Especially, she said, in this housing climate and economy “when you do absolutely everything within your power to protect whatever is left of our affordable housing supply.
“Every single unit matters, and we’re going to push back on any landlords who are engaging in bad faith eviction processes. So I hope it does get out there and other people know that this is something that’s not going to be tolerated,” she said.
That said, Clendenning is frustrated with the time and resources they had to put into something she believes shouldn’t have happened in the first place.
“I don’t feel that a legal clinic or a legal defence to an eviction application should be the answer to this type of bad faith eviction,” she said.
“It feels a little bit like a stop gap, when I think what we really need to be focusing on are the upstream approaches, getting the city to try and expedite the anti-renoviction bylaw.”
Currently, there are no legal barriers preventing him from altering renovation plans and refiling N13 notices at Brant Avenue.
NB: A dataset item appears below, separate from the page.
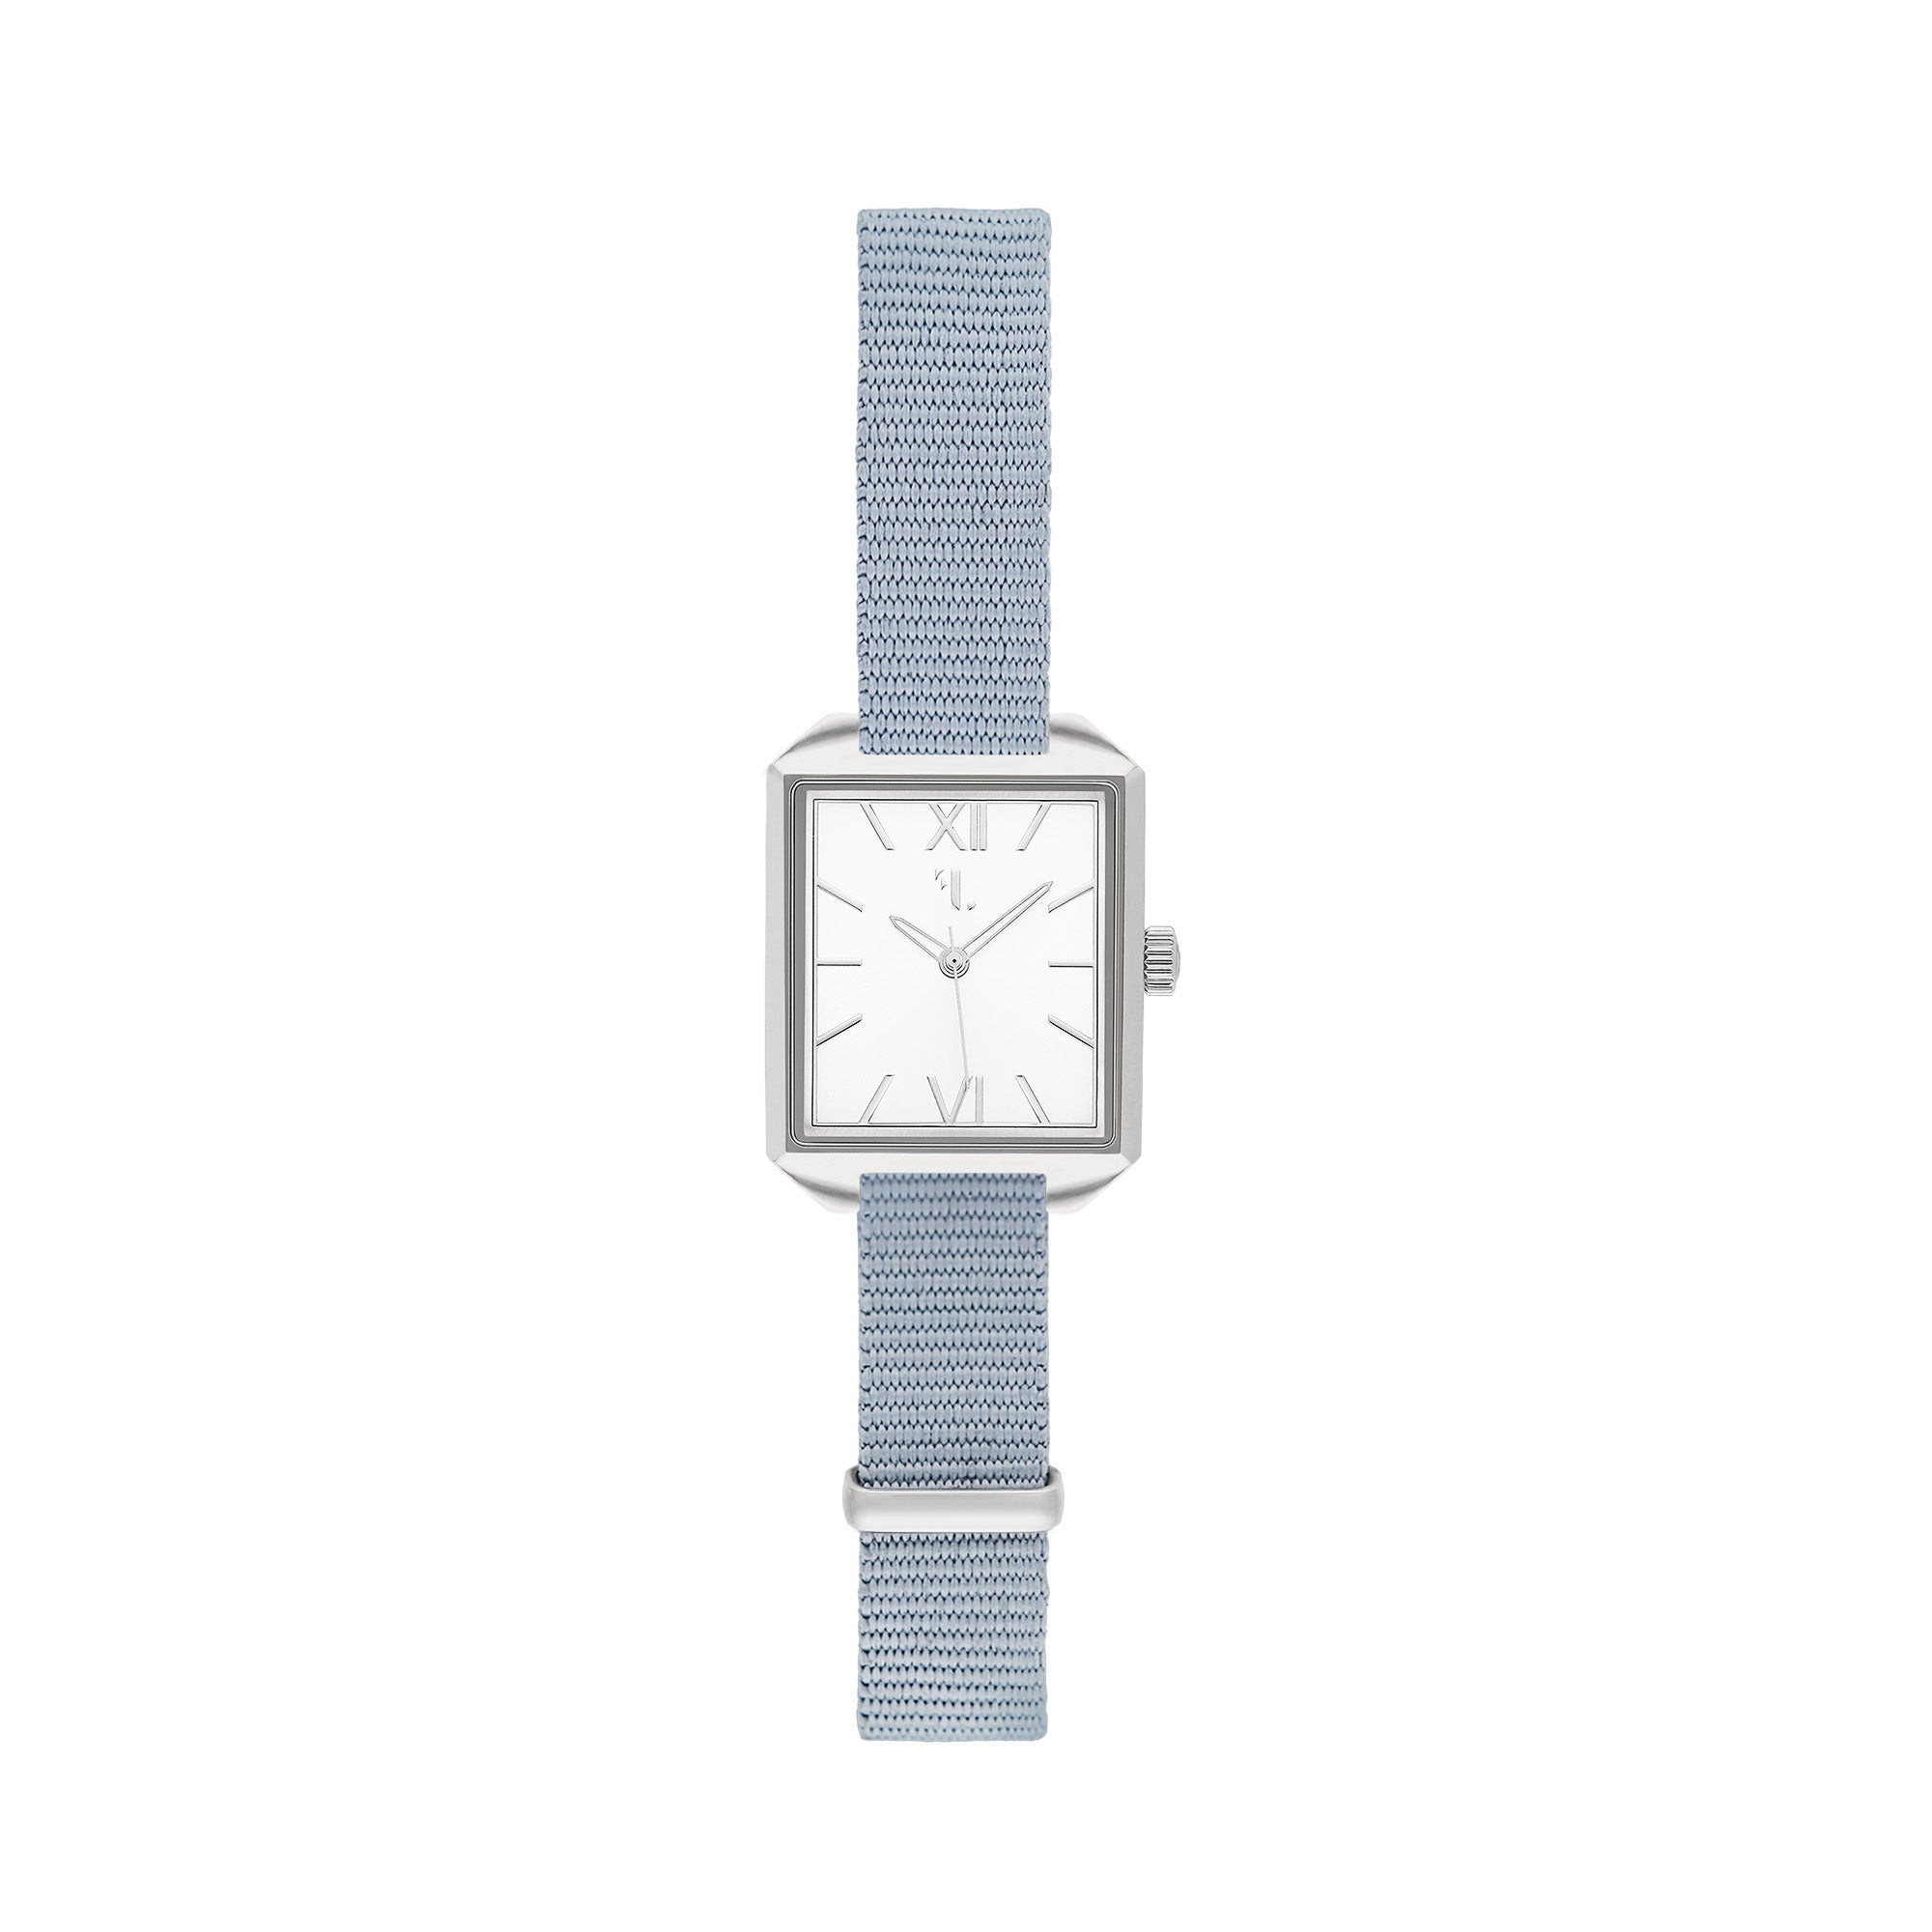 Ixelles watch by Five Jwlry, featuring a small square silver dial with matching silver case, handle, and baby blue nato bracelet. Designed in Montreal, it offers quartz movement, 5ATM water resistance, and a 2-year warranty. Comes with an interchangeable bracelet using the easy release function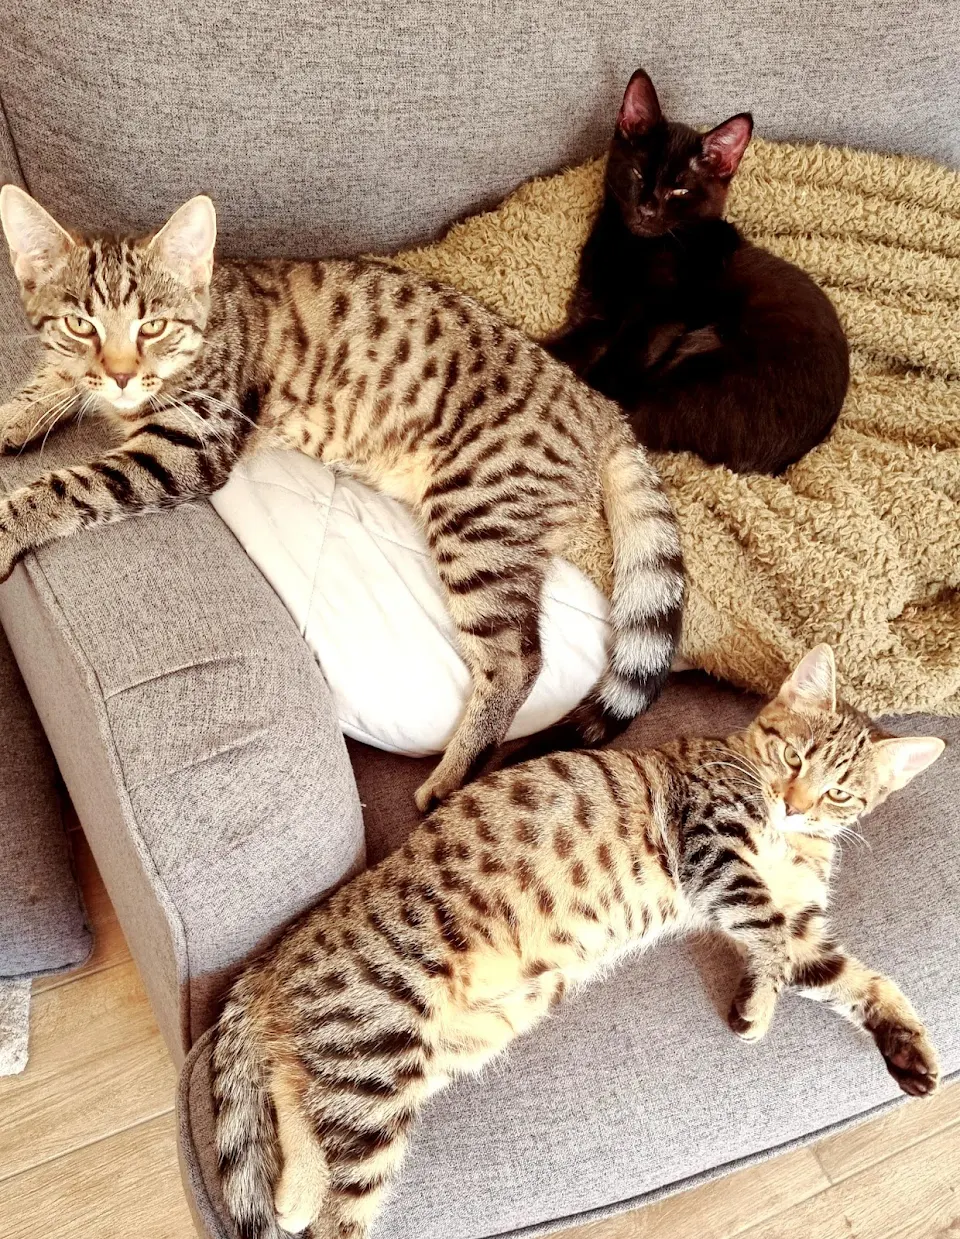 Two Bengals and a little blank sphynx cross loving life this afternoon.

She and some of the tenants plan on pushing the city to move forward quickly with the anti-renoviction bylaw and any other necessary tenant protections.
In an email, community and affordable housing manager Cushla Matthews said staff are currently focused on collecting data from community partners to “assess the local impacts of renovictions and better understand housing trends and potential policy responses.”
The options on the table they’re exploring include a renoviction bylaw, a vacant homes tax and a rental replacement bylaw.
The next step is to present a report to the Committee of the Whole in November 2025 with an update on progress, making it unlikely the bylaw will come into effect this year.
“If these bylaws were already in place, I don’t think this type of application would have ever been filed,” Clendenning said. “I hope that we’re not back here doing this again next year and year after year, and that we can move forward with the anti-renoviction bylaws.”